Acute phase proteins are significantly increased in AML patients during platelet transfusion treatment. A Hierarchically clustered heatmap depicting the 11 significantly different proteins on the rows and individual AML patients and healthy controls (CTRL) on the columns. The 11 significantly altered proteins were identified through the comparison of all samples from AML patients to those of healthy controls. Label free quantification intensities are Z-scored. B Longitudinal LFQ intensities showing the protein levels of cathelicidin antimicrobial peptide (CAMP), serum amyloid A-2 protein (SAA2), complement component C9 (C9) and hepcidin (HAMP). Non-imputed LFQ intensities are shown for all 10 patients and controls (CTRL)

Next, we evaluated how these proteins changed throughout the treatment phase in our patient cohort.
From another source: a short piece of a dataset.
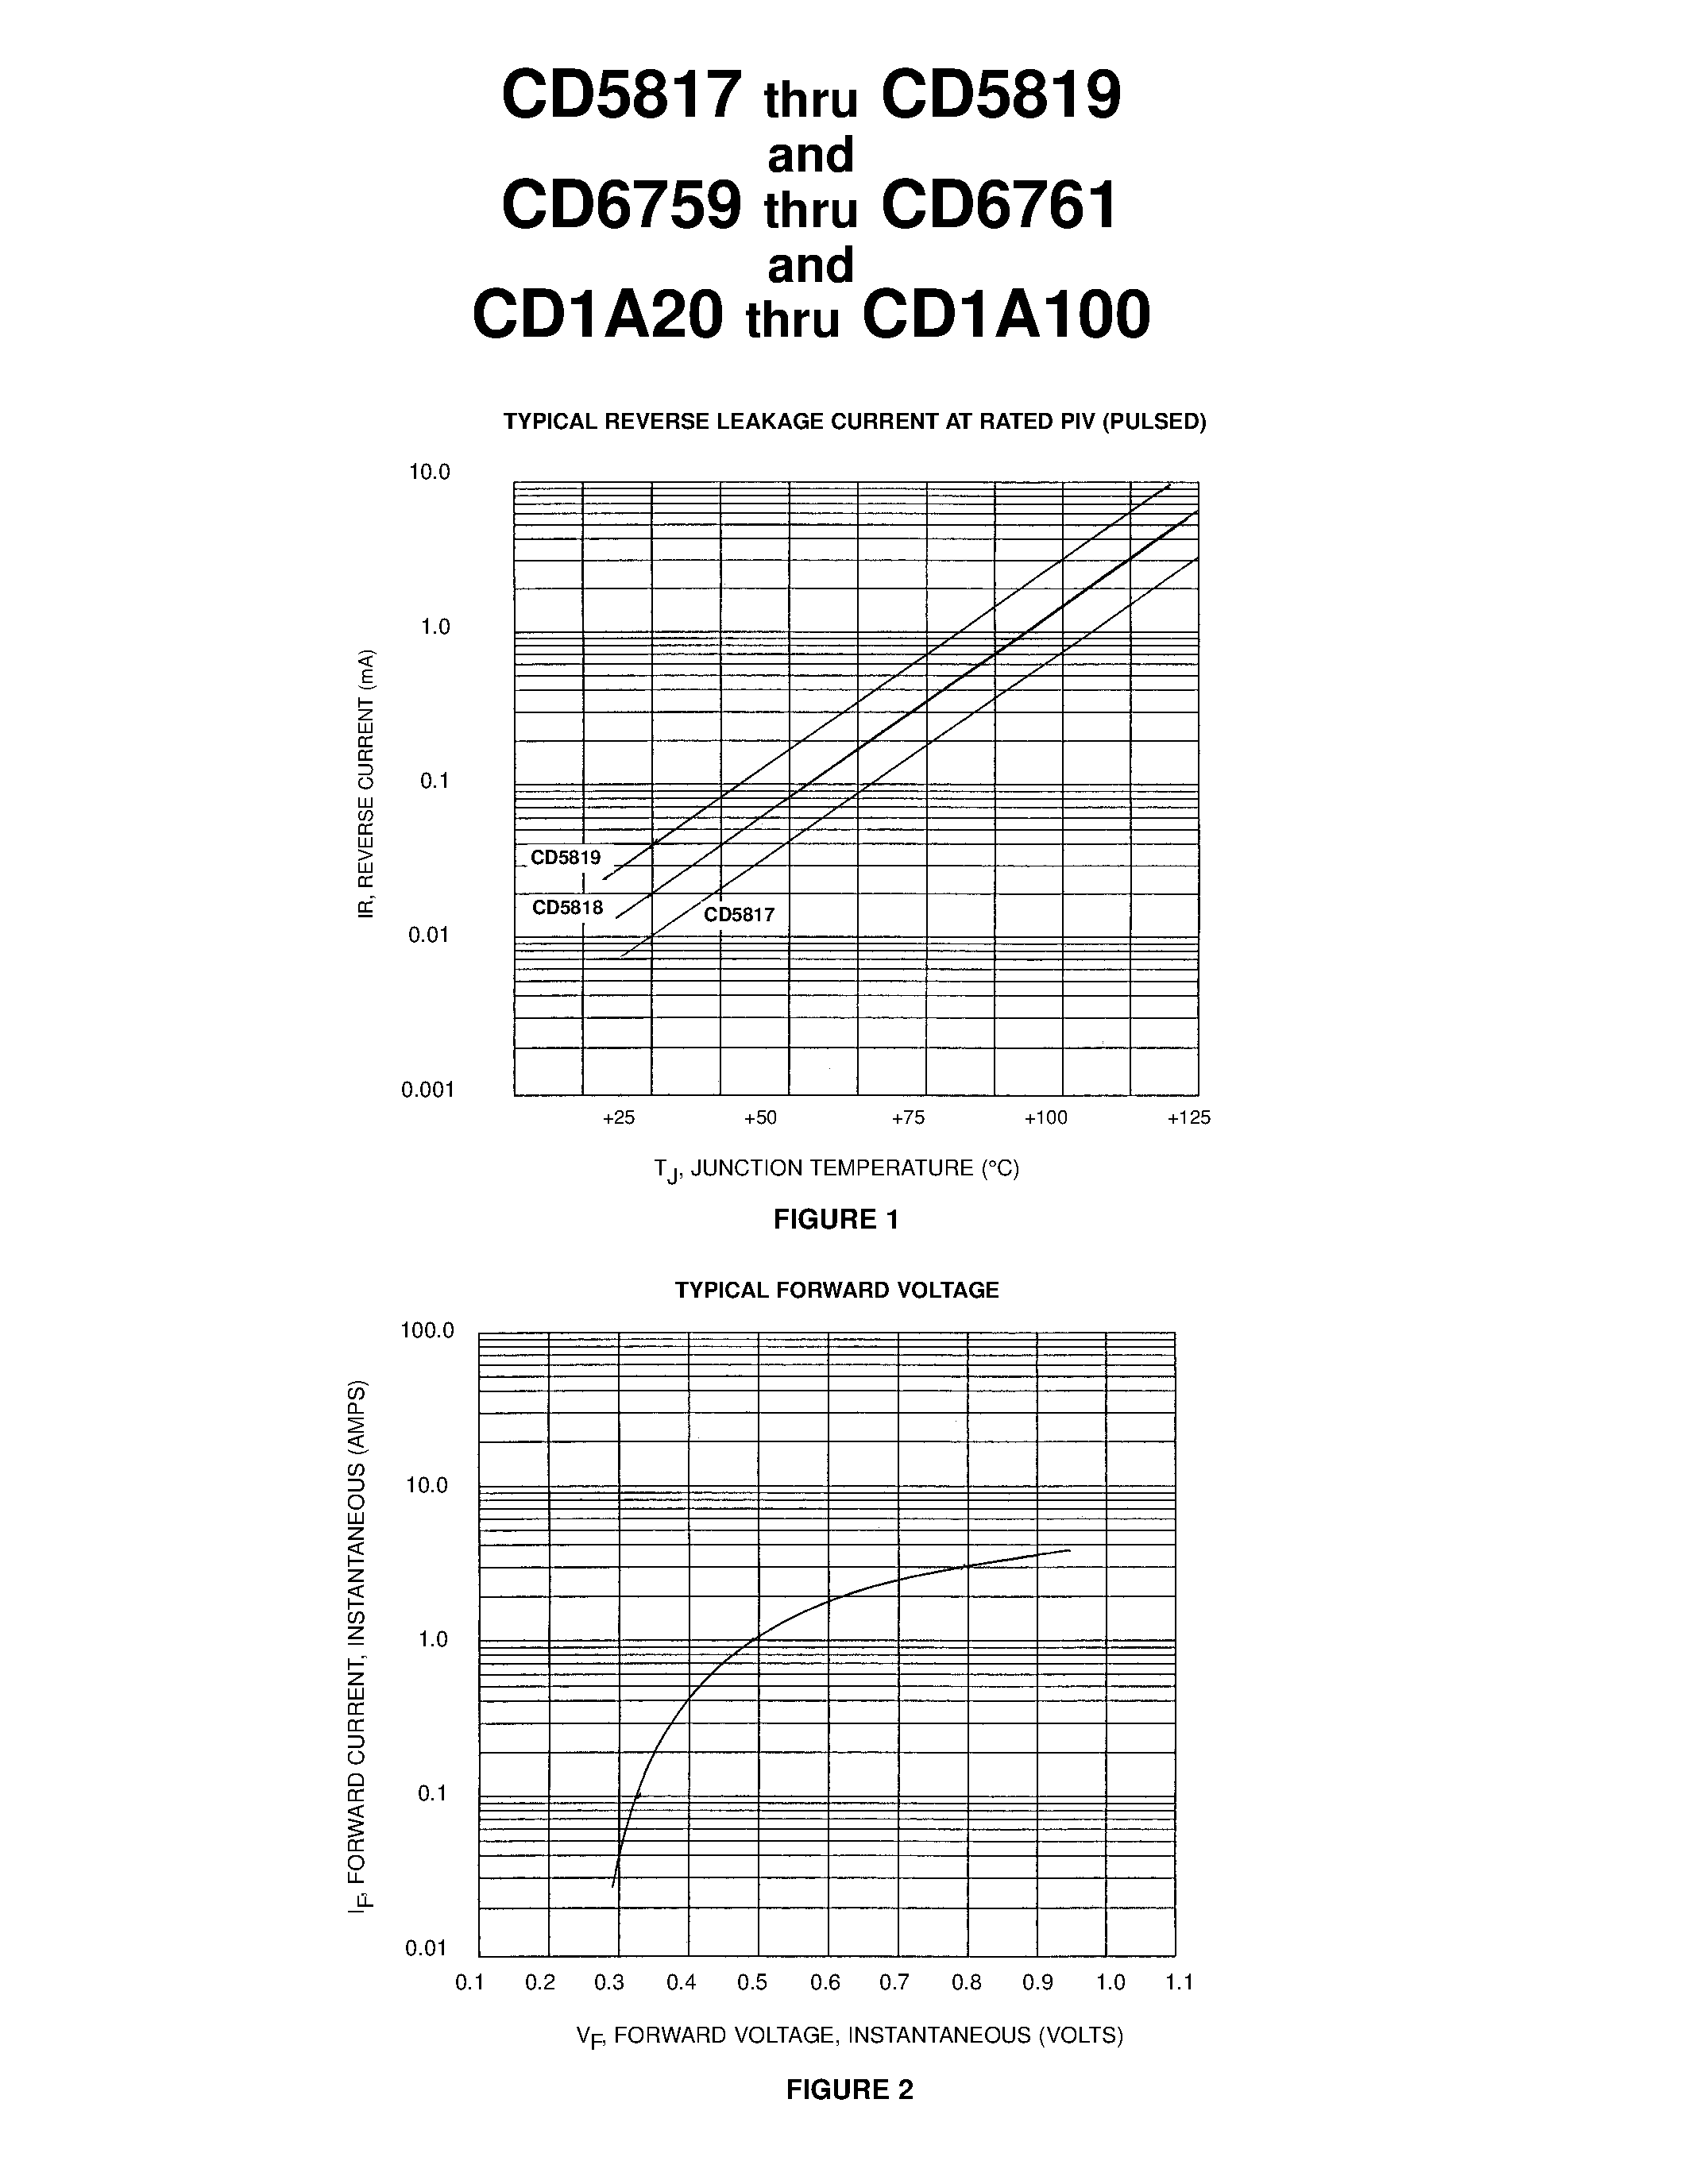 Datasheet CD1A40 - 1 AMP SCHOTTKY BARRIER RECTIFIER CHIPS page 2

To this end, we plotted protein levels for each individual patient over time for HAMP, CAMP, C9 and serum amyloid protein A-2 (SAA2). This showed that although a general upregulation was observed, the individual proteins revealed unique trends. Stable levels over time between and within individual patients were observed for C9, whereas individual-specific trends with dynamic changes were found for HAMP and SAA2. For example, we observed an increasing trend for HAMP and SAA2 levels towards the end of the treatment period (patient 3) and stable levels (patient 4) (Fig. 3B).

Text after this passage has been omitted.